Shell led the acquisition of venture-backed startup The New Motion, one of the leading charge-point providers for electric mobility in Europe. But Van de Wouw, who is on the board of Airborne Oil and Gas, pointed to Shell Ventures’ “ability to forge strategic partnerships between our portfolio companies and our (Shell) businesses”.
More than 90% of its investments are being deployed within Shell, including data analytics platform Maana, which is being deployed at 12 different occasions in Shell, and concentrated solar for industrial heat and enhanced oil recovery Glasspoint.
He said: “Glasspoint is a perfect example of a very successful startup that wouldn’t be around today without STV’s and Shell help. In parallel with our minority investment in 2012, Shell funded the construction of a 50 tonnes-per-day steam pilot at Jamal in Oman. We subsequently led the next round, $50m, with SGRF (the sovereign wealth fund of Oman), who we got interested to co-invest with us. Glasspoint is now busy completing the largest solar steam project in the world in Oman with through our JV [joint venture] partner PDO: a 1 GigaWatt and 6000 tonnes-per-day steam plant at our heavy oil fields in Miraah (Oman). More recently, Glasspoint was awarded a similar steam delivery contract by the Shell-Exxon joint venture ERA in California!”

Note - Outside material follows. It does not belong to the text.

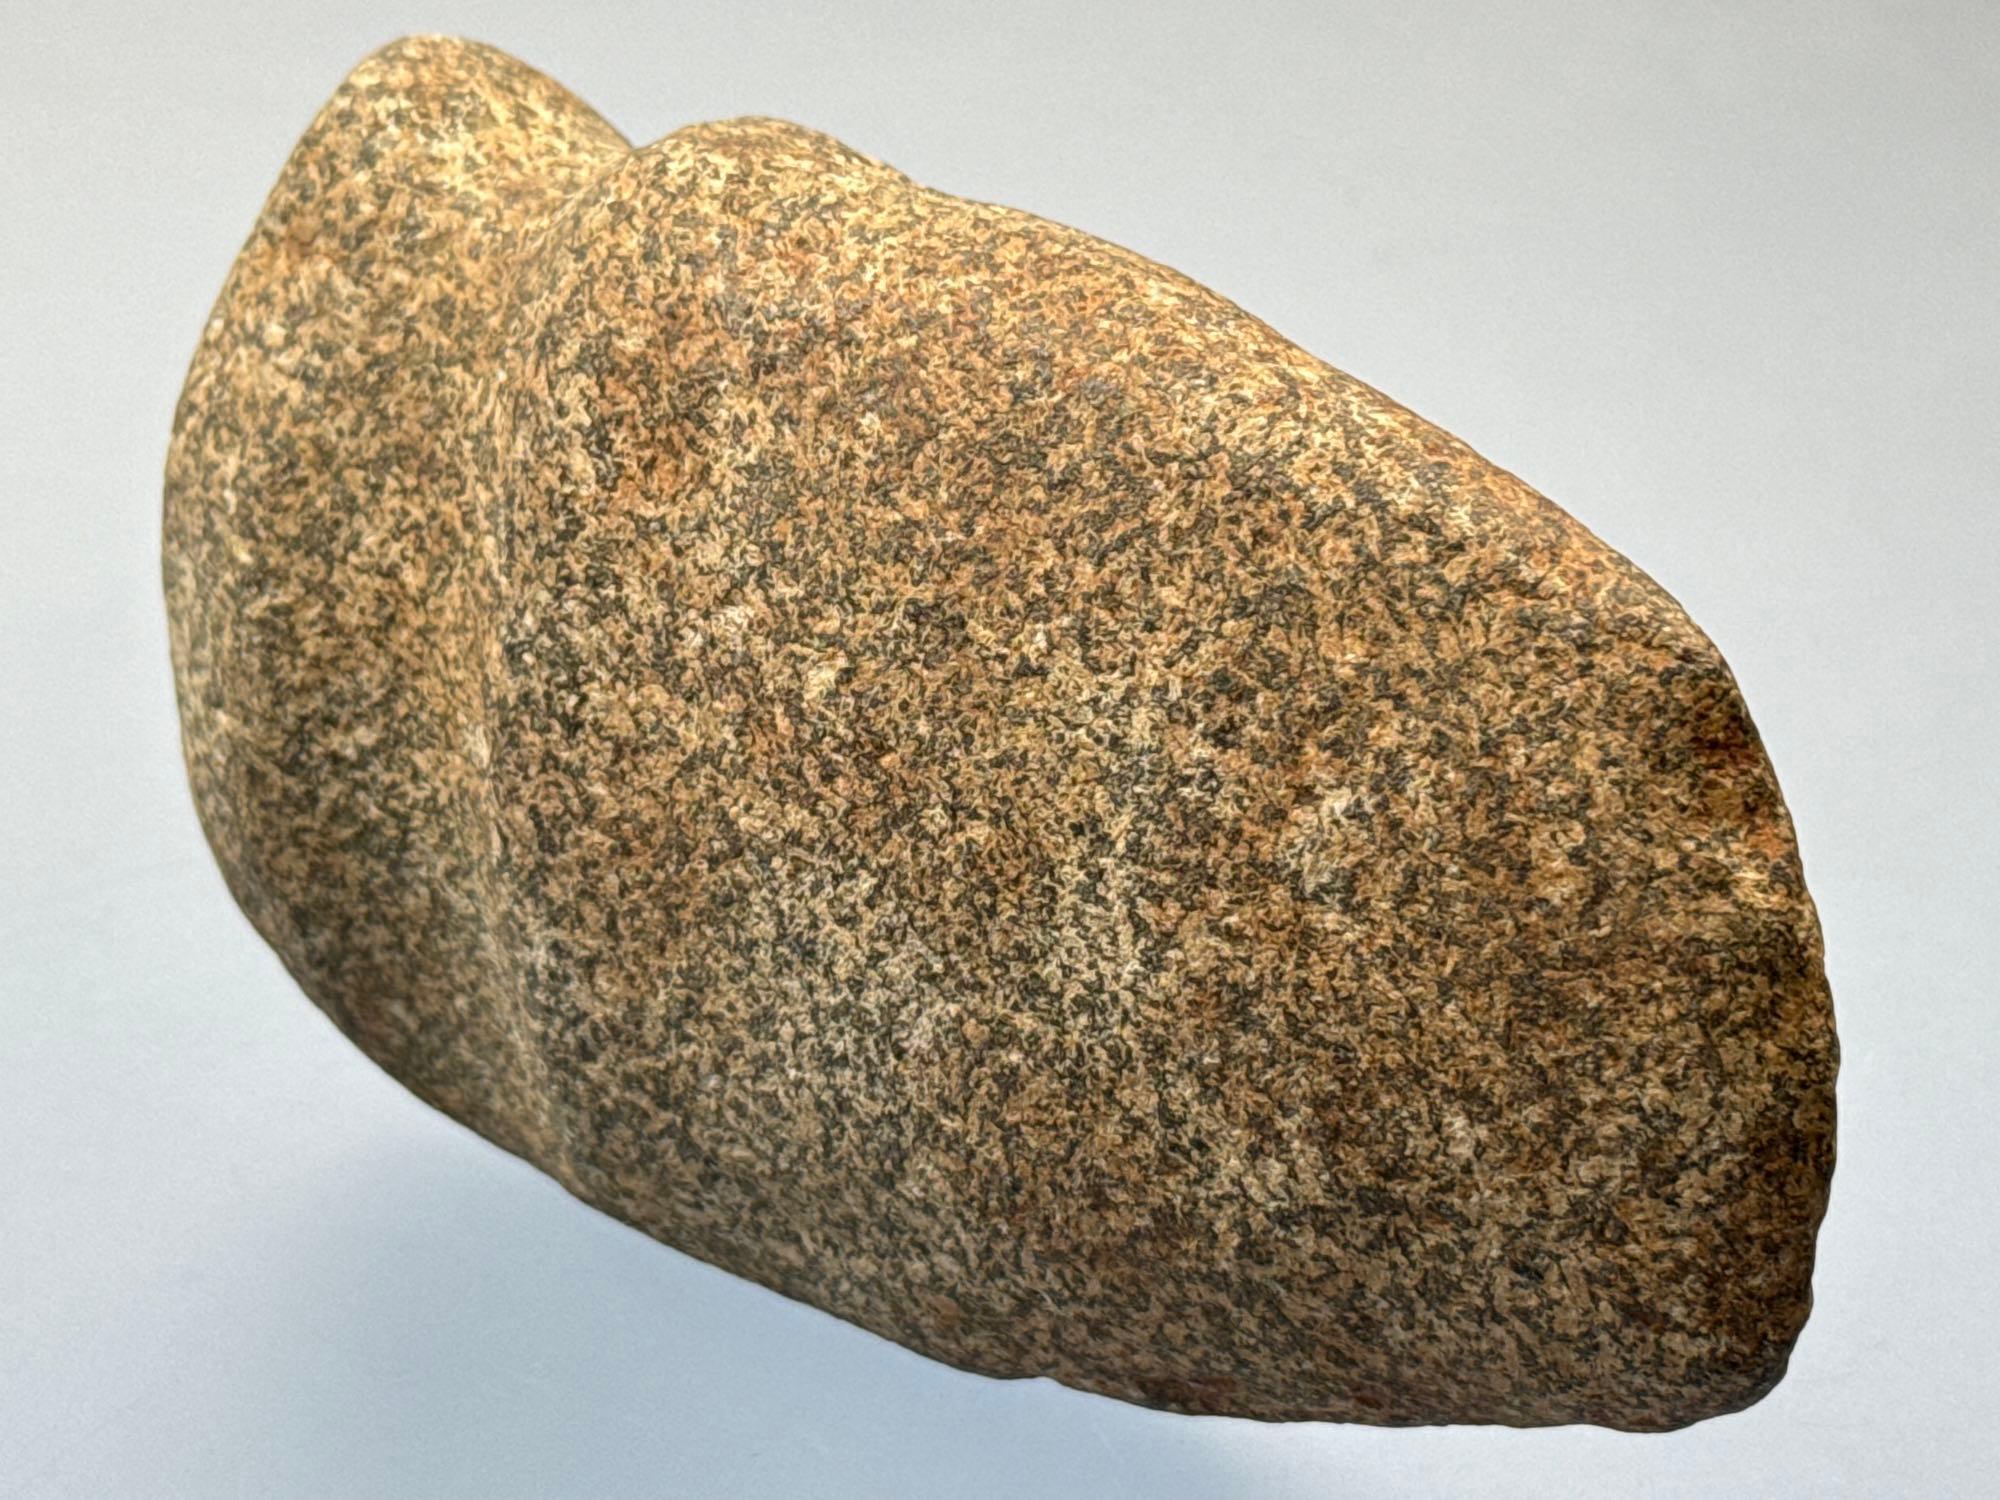 6 1/2" Heavy Hardstone Granite Axe, 3/4 Groove, SITS ON END, Found in Lancaster Co., PA

More broadly, Shell Ventures has expanded its focus from oil and gas technologies only to renewable energy (power value chain), connected energy (smart homes and smart businesses), digital (data analytics) to smart or connected mobility and freight.

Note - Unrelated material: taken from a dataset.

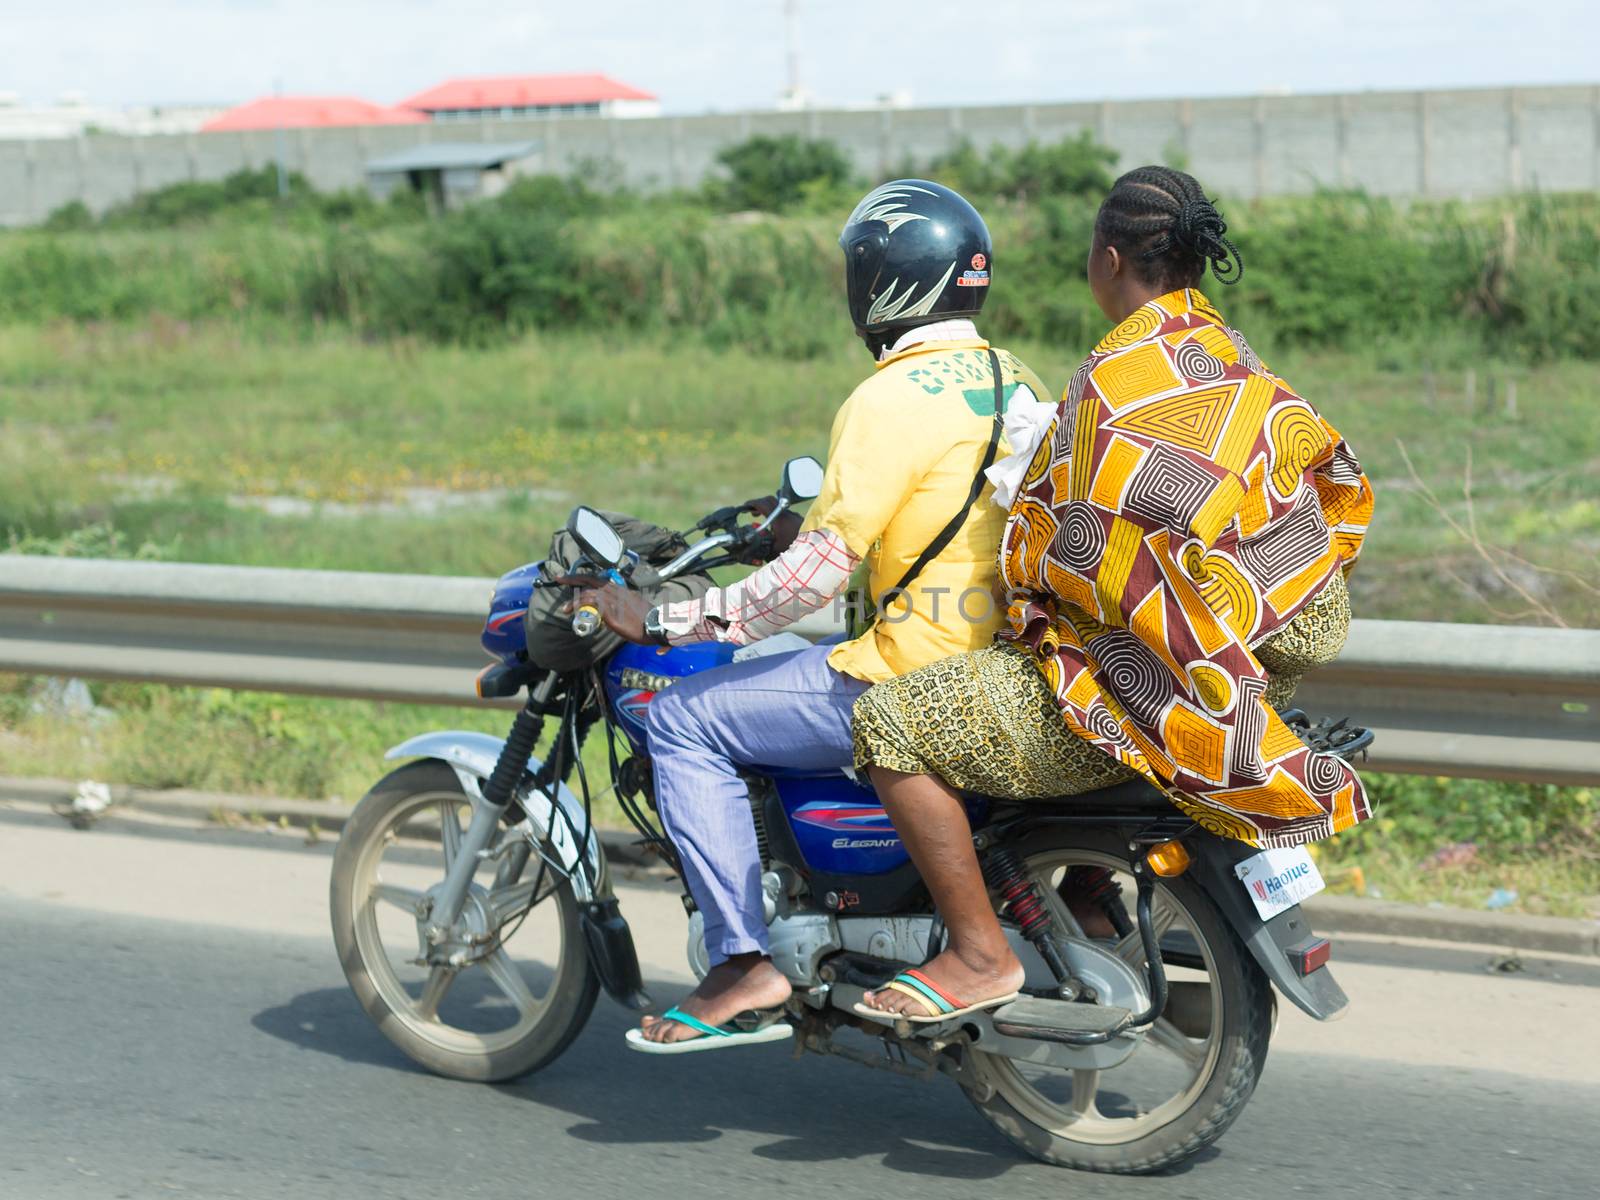 Cotonou, Benin: May 26: A woman rides a hired Motorcycle taxi, the most common means of hired transportation in the city, on May 26, 2015 in Cotonou, Benin.

He said: “Besides our traditional focus to support our upstream and integrated gas businesses, we now cover all Shell businesses, including new energies, retail, global commercial (lubes) and trading.”
Shell Ventures also supports and funds several incubator programs like Greentown Labs in Boston.

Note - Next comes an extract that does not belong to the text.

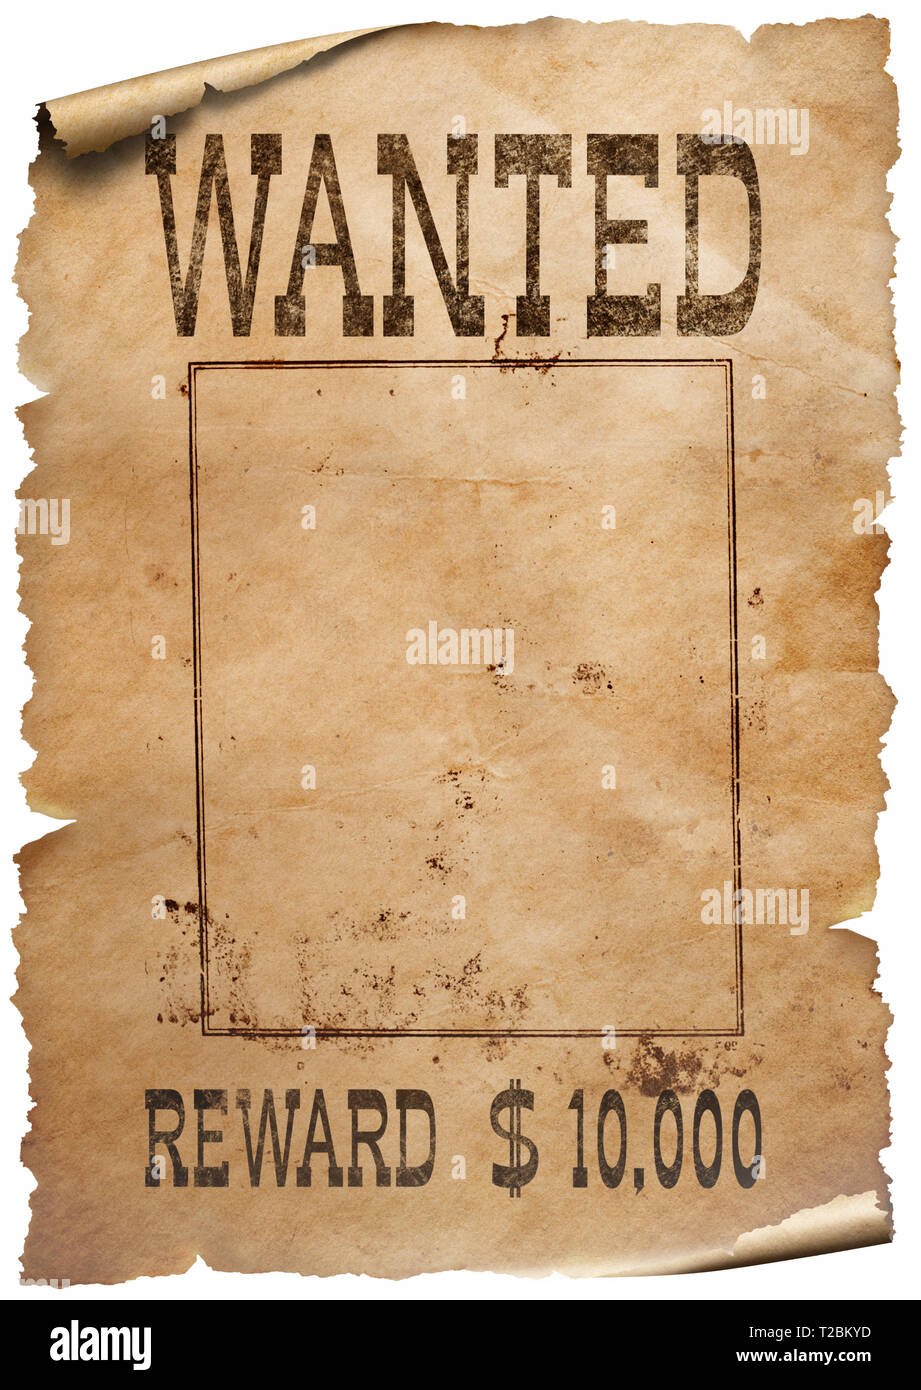 Wanted wild west poster isolated on white background Stock Photo

And so while chemicals company DuPont was the largest corporate venturing group of the 1960s and before, oil major Exxon was probably the largest CVC in the 1970s, having been founded the decade before. Exxon Enterprises’ subsequent fall and sale for $1m in the 1980s has proved an academic case study of CVC management techniques but its closure has also allowed peer Shell to claim the mantle of long-running corporate venturing unit. It is a title Van de Wouw, who after nine years at Fluor joined Shell in 2004 and held a number of senior roles before taking on Ventures in 2012, is proud of and it making all efforts to build an even longer-term, more sustainable one in more ways than one.